In praise of fan fiction

Bruce Charlton:

The importance of Fan Fiction is that, while very few people can (like Tolkien, Rowling etc) primarily create a meaningful, purposeful, participative Imaginative Universe – a much larger number of people can take such a universe and secondarily create within it; can incrementally extrapolate, interpolate, combine it with other such Universes, deepen and extend characters from it, make new plots using characters from it – and so forth.

Since this secondary creativity is typically done within a better ‘world’ than the self-hating mainstream secular-alienated-nihilistic world of modern public discourse; and since the world of Fan Fiction is a part of a person’s life; this can serve to make a person’s life more meaningful – which is to say Fan Fiction can make a person’s life not just better but deeply better. And it has done, for very large numbers of people.
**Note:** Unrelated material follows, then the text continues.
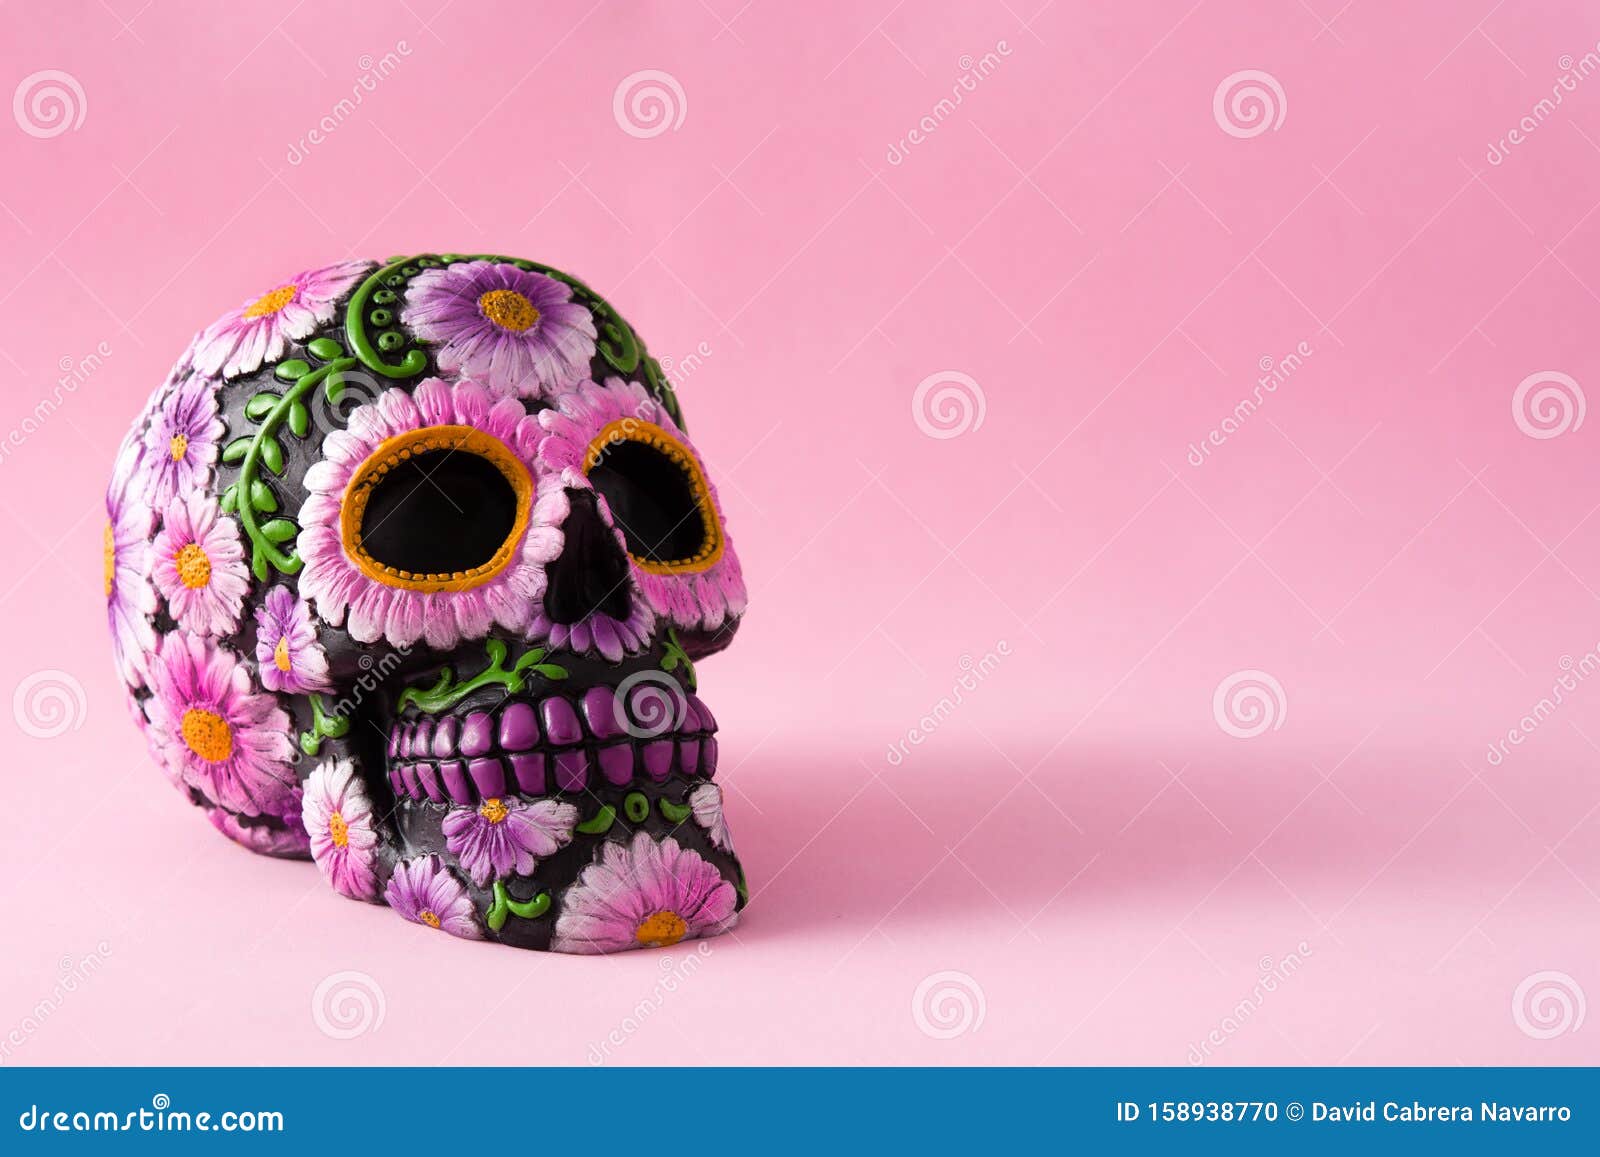 Calavera TÃpica Mexicana Con Flores Pintadas De Fondo Rosa. Dia De Los  Muertos Foto de archivo - Imagen de violeta, flores: 158938770

One thought on “In praise of fan fiction”

  1. I like that.

    I also think for some people, fan fiction seems to have almost a therapeutic role – it allows an exploration of emotions and problems (all the “sad” Pony fan fiction out there I’ve seen). And it does allow a person to “join in” to a world that may be nicer and happier or more noble or more adventurous or in some other way “better” than the one we inhabit.

    I know I’ve whiled away time spent waiting somewhere by writing The Further Adventures of Twilight and Company in my head.